## [WHAT THIS TASK INVOLVES]
What is needed is an exact reproduction of the lines in the records below, starting at the line with "Pillow made from Vintage Turkish Hemp Kilim" and ending at the line with "Measures: 19", both included, and nothing else; pictures stay out.

## [DATASET ENTRIES]
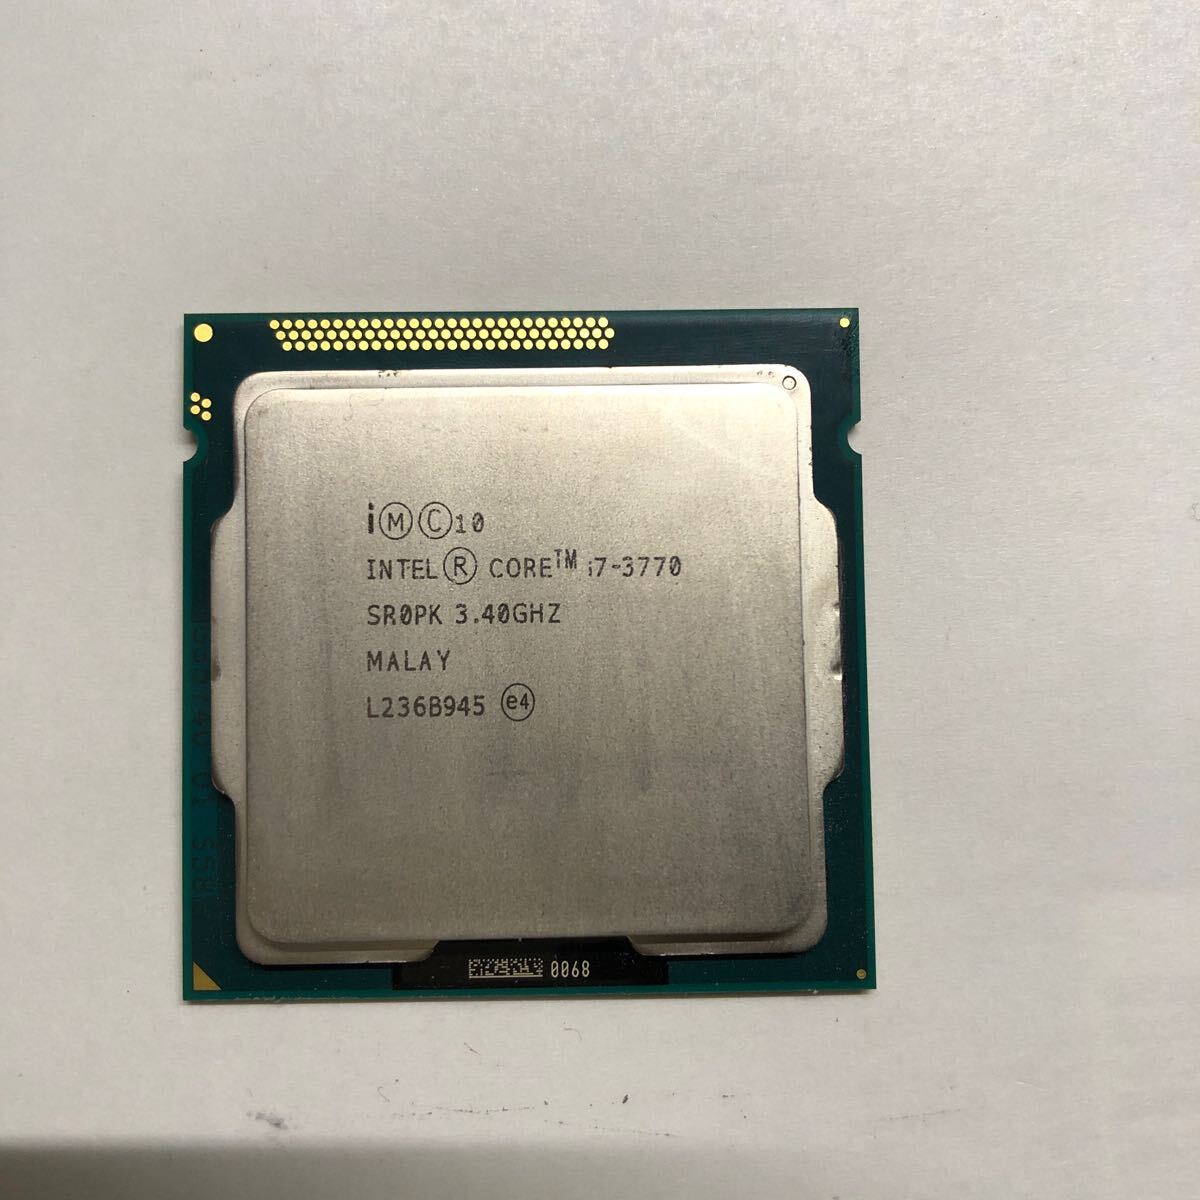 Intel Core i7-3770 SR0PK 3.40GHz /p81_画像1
* * *
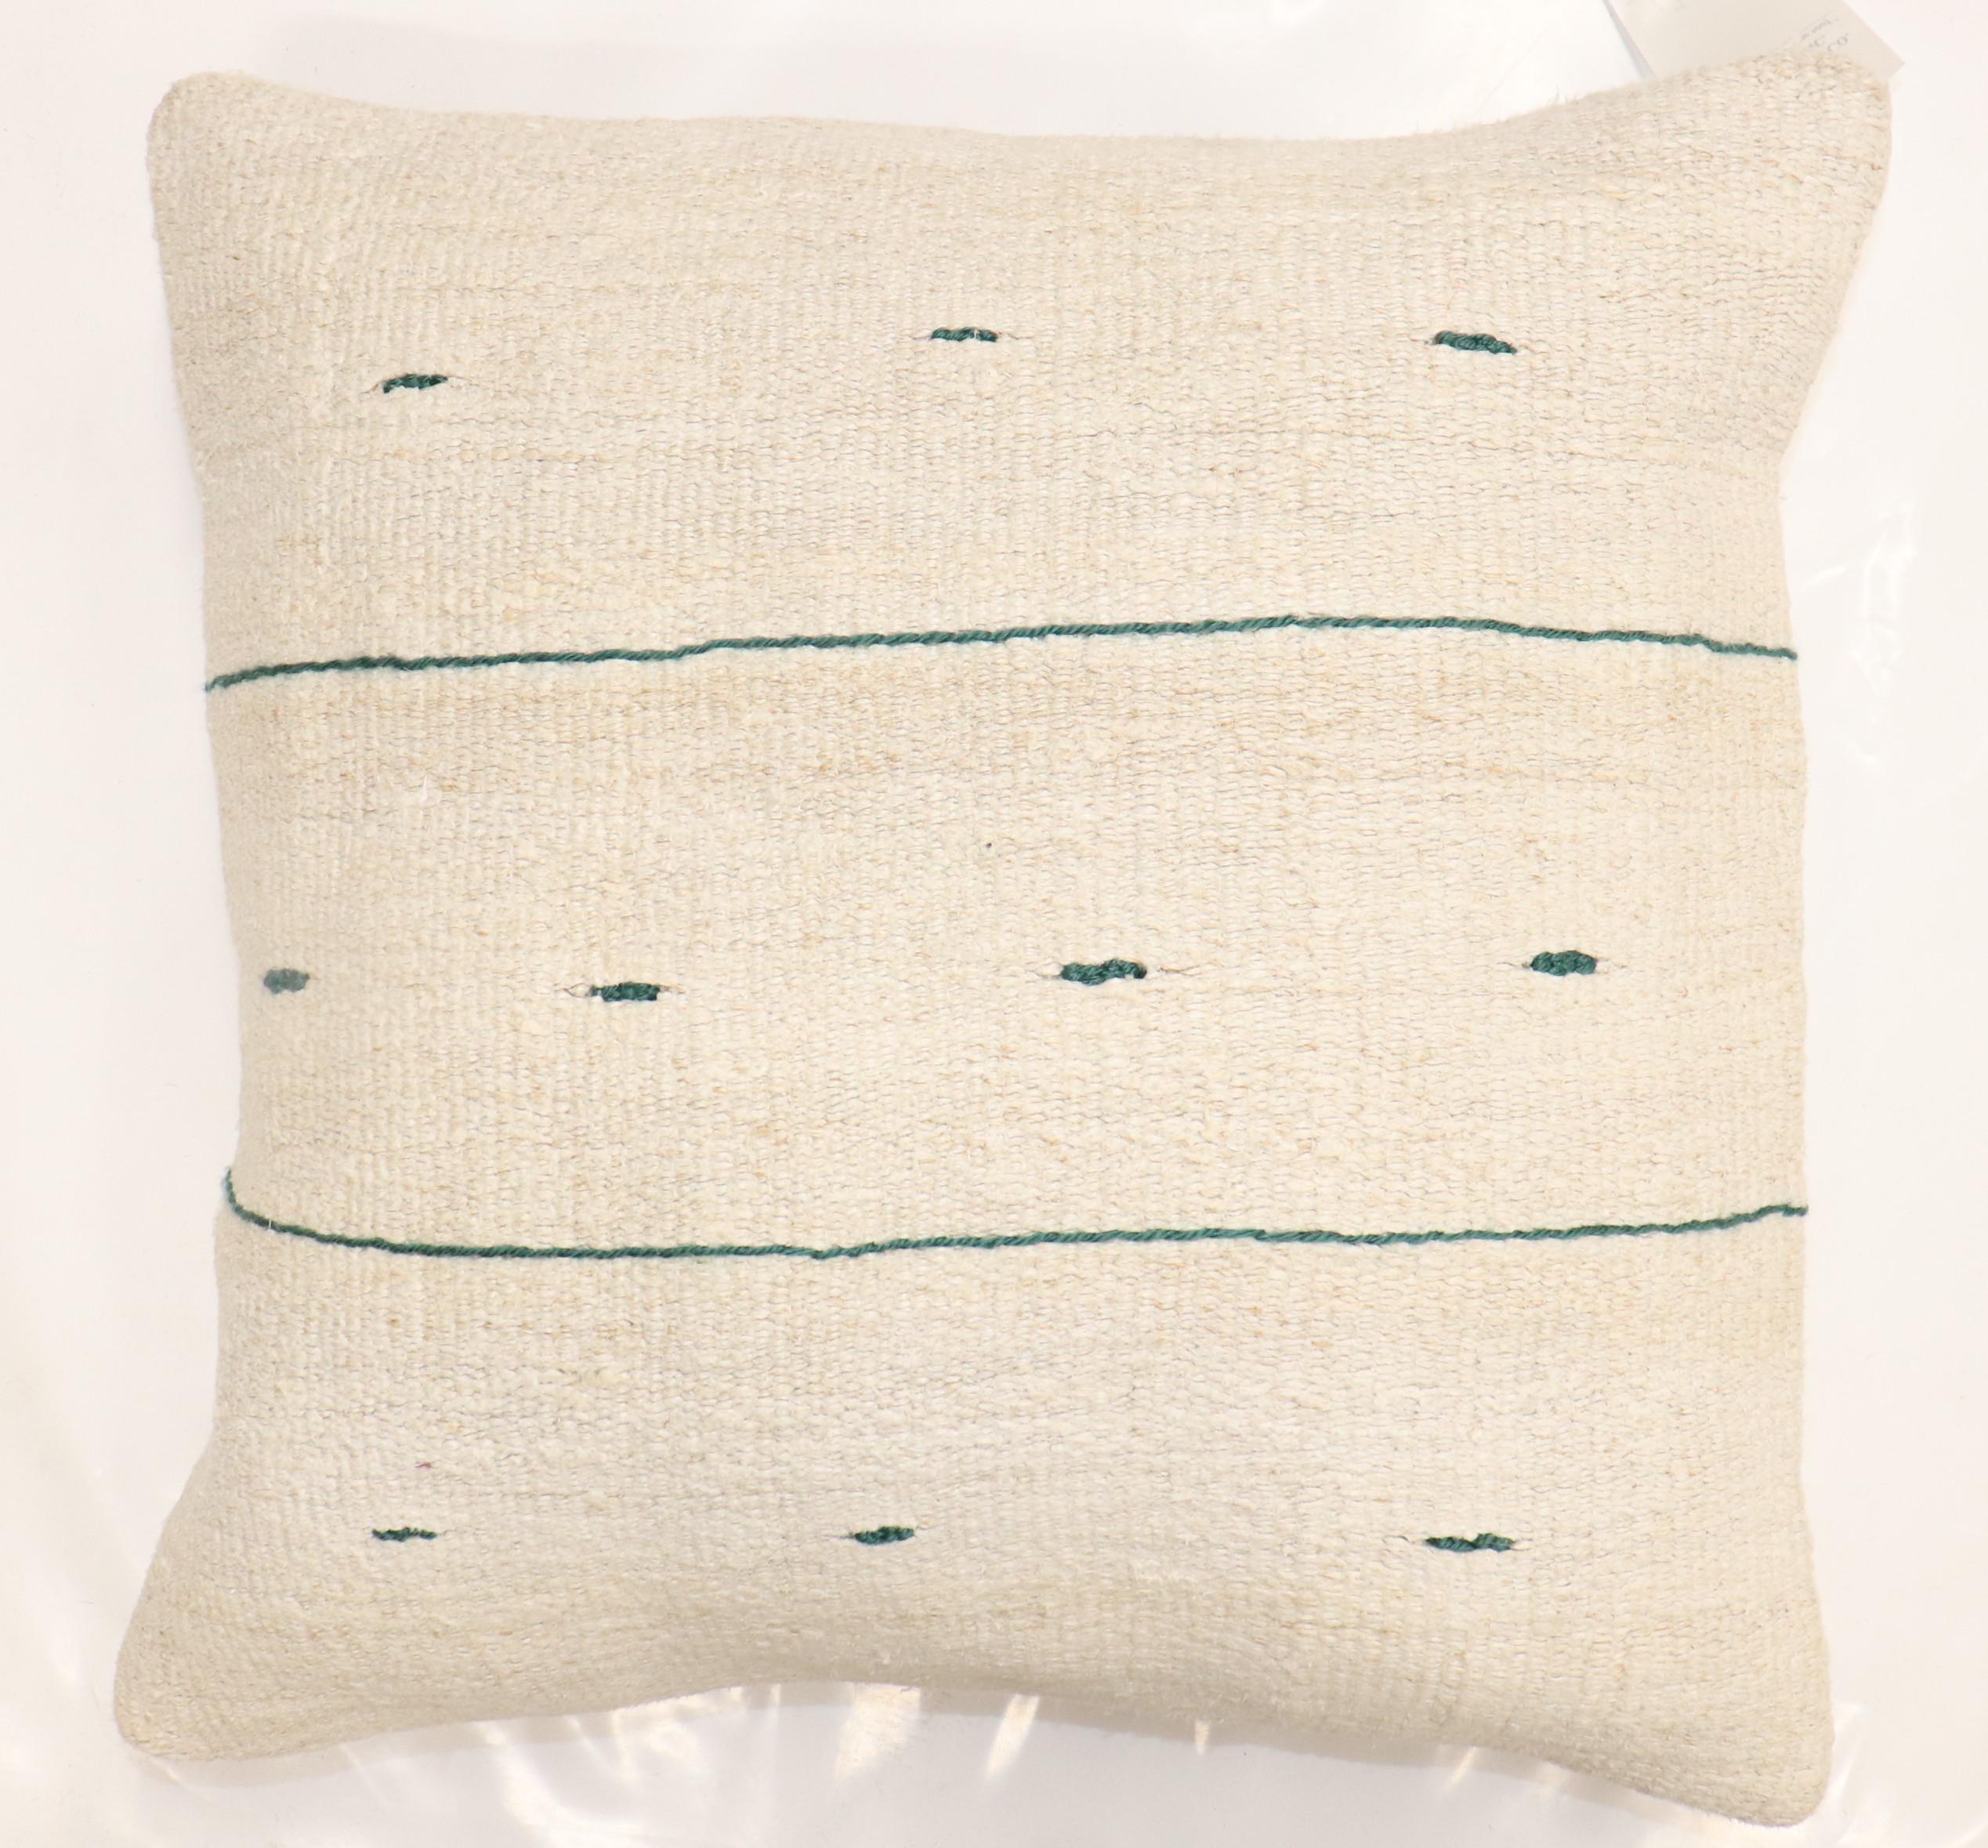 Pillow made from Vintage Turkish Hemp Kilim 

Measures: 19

## [ANSWER TO THIS PROBLEM]
 Pillow made from Vintage Turkish Hemp Kilim 

Measures: 19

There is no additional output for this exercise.